I've been doing @home projects since 1999, so I'm used to crashes,and outages, and I get upset when something I do to my computers causes my crunching @home projects to stop. Since the two computers involved have had no changes since the last BOINC update to 5.10.28, my two other computers that are running that version have no problems with their projects (SETI, Einstein) and another computer doing ABC@home is also fine, I will assume that BOINC is not the problem. All four of these units were at one time doing four projects, and having no troubles. When the Einstein work units started taking close to a hundred hours per unit on the two slowest 512mb machines, one 1.2g AMD, one 2.4g Intel, I started dedicating each computer to a project and telling each which project not to get new work from.
The two slower machines finally finished their Rosetta units and each had several "Ready to report" units just sitting there.... for days. Finally I guess somebody realized something was broken, and the units were reported. Then, no new work because the "project is down". Then no work for several days because of lack of memory. Then finally a work unit that just stops with "waiting for memory". Now I really don't care what version of the program you're up to and unless it is automatically sent to me, the only thing I keep updated is BOINC, and I don't twiddle around with BOINC settings. Mine have been the same since I started.
If you guys want everyone to upgrade to supercomputers just so they can handle your project in their spare time, forget it.
Seti, Einstein and ABC are all running fine here, and Rosetta is now a project I used to crunch.

Dr Who Fan
Avatar

Joined: May 28 06
Posts: 35
ID: 85050
Credit: 62,140
RAC: 99
Message 49743 - Posted 17 Dec 2007 9:20:51 UTC
Last modified: 17 Dec 2007 9:21:24 UTC

Outcome Validate error

http://boinc.bakerlab.org/rosetta/result.php?resultid=127005250

Client state Done
Exit status 0 (0x0)

CPU time 6608.081955
stderr out

<core_client_version>5.10.28</core_client_version>
<![CDATA[
<stderr_txt>
# cpu_run_time_pref: 7200
# random seed: 2330183
==
</stderr_txt>
]]>

Validate state Invalid
Claimed credit 8.83546666063523
Granted credit 0
application version 5.89

AM Profile

Joined: Jul 15 06
Posts: 7
ID: 100201
Credit: 311,022
RAC: 577
Message 49750 - Posted 17 Dec 2007 14:00:17 UTC

So are we to assume that there are WU's coming that will have lower virtual memory requirements? The memory hogs are getting tired.

Mod.Sense
Forum moderator
Project administrator

Joined: Aug 22 06
Posts: 3381
ID: 106194
Credit: 0
RAC: 0
Message 49753 - Posted 17 Dec 2007 16:43:44 UTC - in response to Message ID 49750.

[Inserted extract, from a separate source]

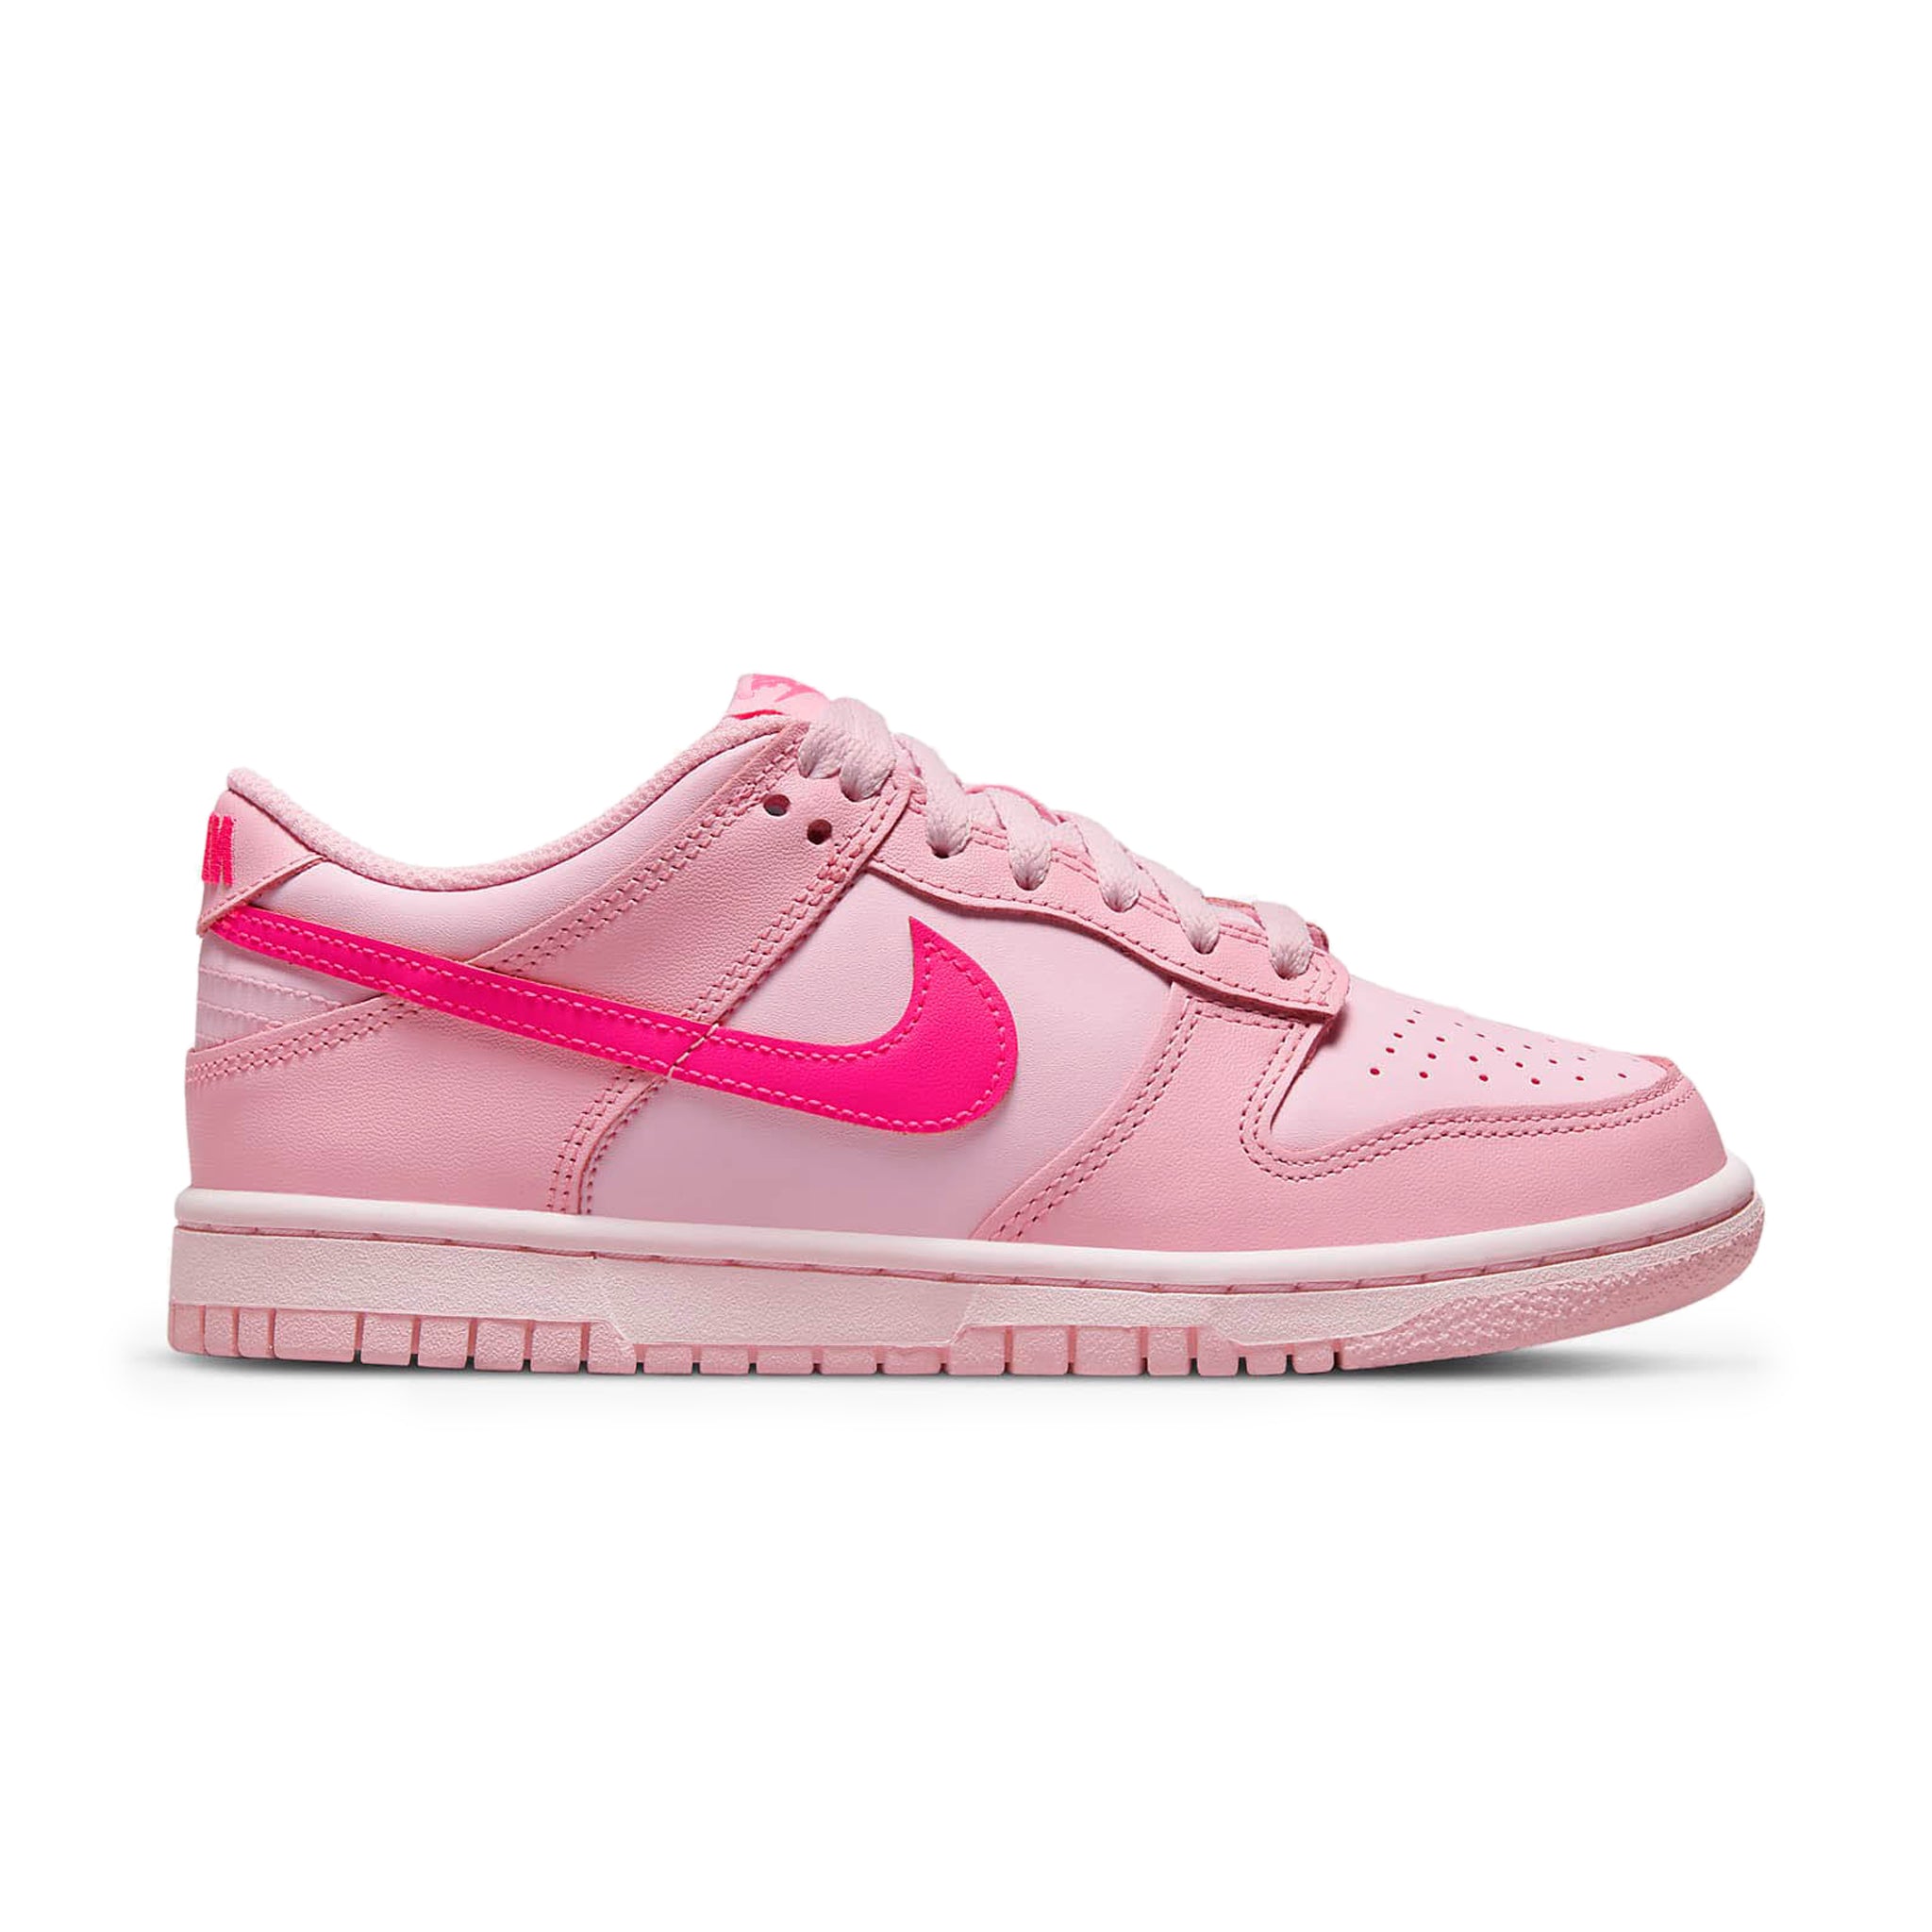 Side view of Oh no nike Triple Pink (GS) DH9765-600

So are we to assume that there are WU's coming that will have lower virtual memory requirements? The memory hogs are getting tired.


I don't have any advanced knowledge of future Rosetta releases. But my experience with the project tells me they are working on such modications to the program, and so yes, I would assume both that other WUs will require less memory, and that future releases will improve the memory footprint.

It may be helpful if folks would post the WU name and their observations of memory usage. That will provide something concrete to compare against when a new release comes out.
____________
Rosetta Moderator: Mod.Sense

AM Profile

Joined: Jul 15 06
Posts: 7
ID: 100201
Credit: 311,022
RAC: 577
Message 49754 - Posted 17 Dec 2007 17:18:02 UTC - in response to Message ID 49753.

So are we to assume that there are WU's coming that will have lower virtual memory requirements? The memory hogs are getting tired.


I don't have any advanced knowledge of future Rosetta releases. But my experience with the project tells me they are working on such modications to the program, and so yes, I would assume both that other WUs will require less memory, and that future releases will improve the memory footprint.

It may be helpful if folks would post the WU name and their observations of memory usage. That will provide something concrete to compare against when a new release comes out.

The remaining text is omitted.